CANbus pass-through is a system that allows one laptop running TunerStudio to set the parameters and datalog more than one controller at a time (as long as the controllers are CANbus connected).

The CANbus pass-through is tested and works with B&G code versions:

These codes work with TunerStudioMS only (0.999.8c or higher). There are two reasons:
  1. TunerStudioMS has the full CANbus pass-through infrastructure to work with the new capabilities of the code,
  2. TunerStudioMS has the MAF table burning ability that these codes employ (and that MegaTune can't handle).
Older codes may work partially with the CANbus pass-through. For example, with the appropriate INI mods (see the CAN_COMMANDS sections of the INIs for the codes above to see how this might be done) older codes may allow variable display and datalogging, but not editing of parameters.

You need to set up for the CANbus pass-through under TunerStudio 'File/Project Properties/CAN Devices'. If your MS-II™ is the primary controller (the one you will connect the PC to) in the project, DO NOT set it up as a CANbus device. Only set up the GPIO board as a CANbus device. The primary project controller will always use the CANbus ID as defined in the ini (normally 0).

The CANbus physical connections are:

The termination resistor is already installed on the MS-II board. The termination resistor on the GPIO is R82 (120 Ohm, ¼ Watt resistor).

On MS-II™ controllers, the CANbus circuits are:

On the GPIO, the connections are:

To set up TunerStudio to use MShift™ with CANbus from MS-II™:

  1. First set the MS-II™ up normally under the 'File → Project → Project Properties → Configuration' tab (if you haven't already set up a controller for your engine controller):

    1. Give your project a name and description,
    2. Select the INI to match the firmware on your primary controller (MS-II™, MicroSquirt®, Sequencer™, etc.). You can either:
      • use a 'pre-defined' firmware from the drop-down list, or
      • click 'Other' and browse to a specific INI file.
    3. Click "OK".
    TunerStudio will make a copy of the INI you navigated to, and put it in the ProjectCfg subfolder under the name "mainController.ini"

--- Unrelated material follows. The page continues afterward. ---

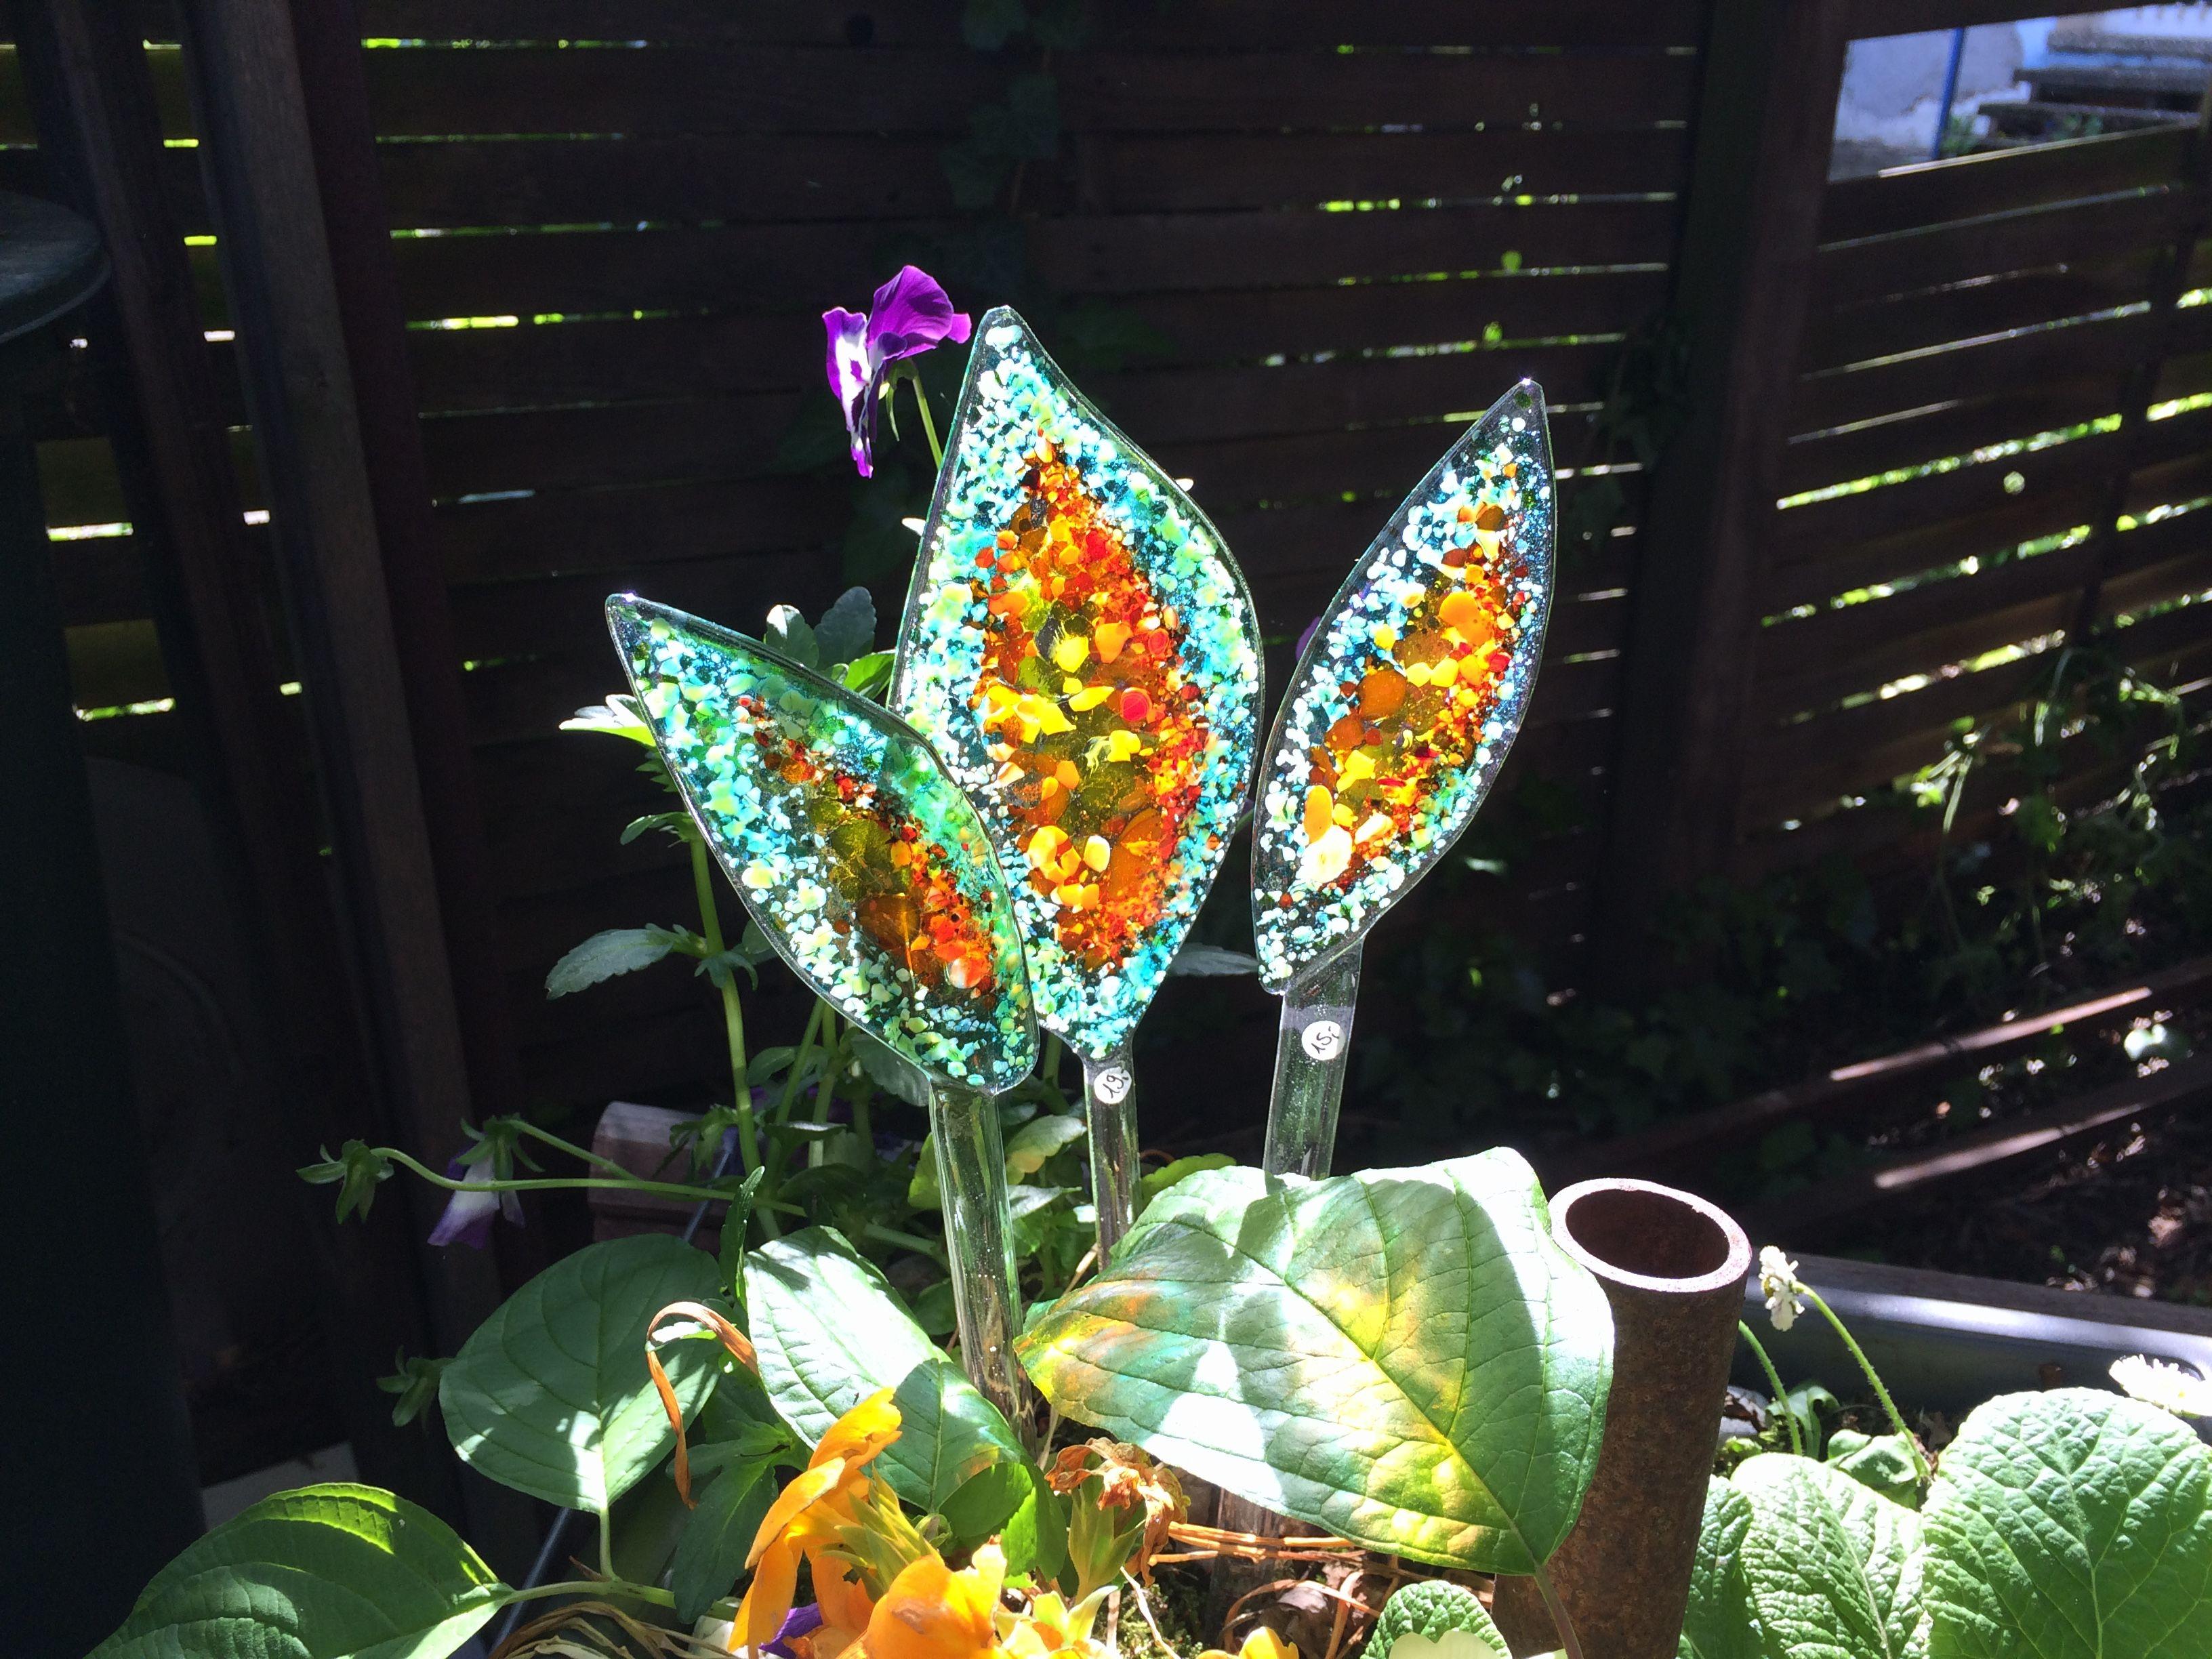 Farbenfrohe Gartenstecker aus geschmolzenem Glas, frostfest! Andere Formen, Farben und Größen auf Anfrage lieferbar.

  2. Then set up the MShift™ GPIO controller under the 'File → Project → Project Properties → CAN Devices' tab of the engine controller project:

    For example, if you have a Project that has an MS-II™ as the main controller you will connect the laptop to, and a GPIO board with MShift™ as a CANbus device with the CAN ID set to 1 (the default), only GPIO board goes in CAN Devices list and the CAN ID should be set to 1.

    1. In the 'Projects Main Controller' section:
      1. Main Controller CAN ID (i.e. engine controller CAN ID) should normally be 0.

      2. Serial Protocol should normally be the Firmware Default.

    2. In the 'CAN Devices' section:
      1. Device Identifier (short): Give your CANbus controller a short name. This will preface the menu entries as they drop down in TunerStudio so you always know which controller you are working with when you change parameters in the menus. The default is 'CAN1'.

      2. Device description: This is a longer description to remind you of the configuration you are setting.

      3. Device CAN ID: The CAN ID for the MShift™ code has a default value of 1. Use the value of 1 unless you have changed the value in the MShift™ firmware.
        You can change the CAN ID in the menus to a value up to 13 to avoid conflicts with other CANbus devices - if you do change the MShift™ CAN ID you must also change it to the same new value under 'File/Project Properties/CAN Devices'.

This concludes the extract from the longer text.